Lo suyo, en fin, era búsqueda. Por eso acabó instalándose en la pintura, donde nunca contó con el apoyo del sector oficial, de los galeristas. En ese acuario, el mundo de Ceesepe se fue confeccionando con remiendos de muchos mundos. Todos aquellos en los que la curiosidad del artista hizo pie. De los collages al trabajo en madera, de la serigrafía al ordenador. De los viajes a los pintores que andan por la cuneta del canon. Todo alimentó el itinerario plástico de su vida, que basculó, en los últimos años, entre París y Madrid. Puso imagen, también, a la portada de The New Yorker.
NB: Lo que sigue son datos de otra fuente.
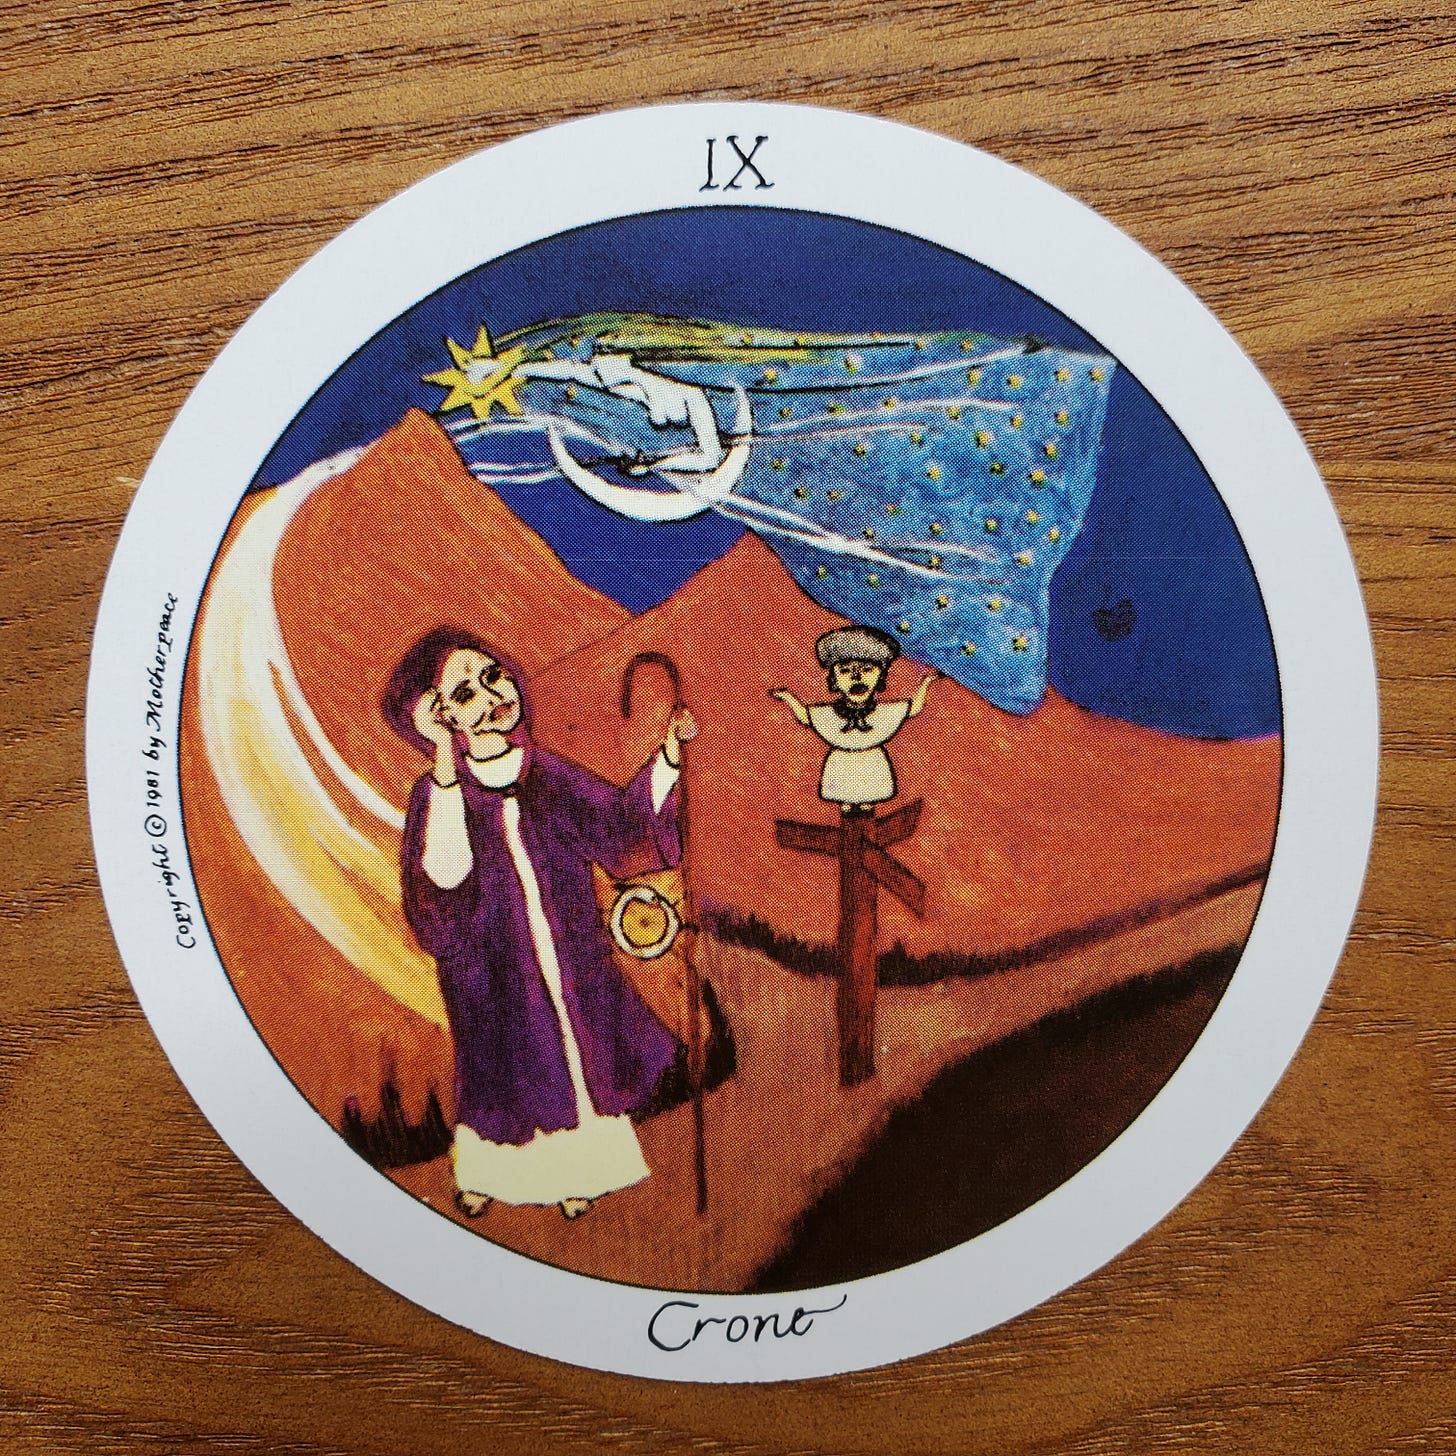 A round card with the roman numeral 9 and the word crone in the border around the card. Inside the border, an image of a older woman with a walkig staff an angle flying overhead, and another small female figure perched atop a crossroads sign.

Así fue armándose como pintor, aunque fue algo más que un artista. Un disidente, no exactamente un extravagante. Un hombre hecho de imágenes que vivió en una constante mudanza ante la amenaza de alguna certeza que se le pudiese instalar en la vida. Ceesepe, desde la firma, tuvo una distinción distinta. Buscar, por supuesto. Jamás repetirse. Siempre se presentó ante el mundo mitad enigma, mitad lagartija. Un punto vulnerable con fiebre de genial. Despendolado en ocasiones y raro siempre. Posiblemente, fue el chico más triste de la fiesta. Seguro que también el más lúcido.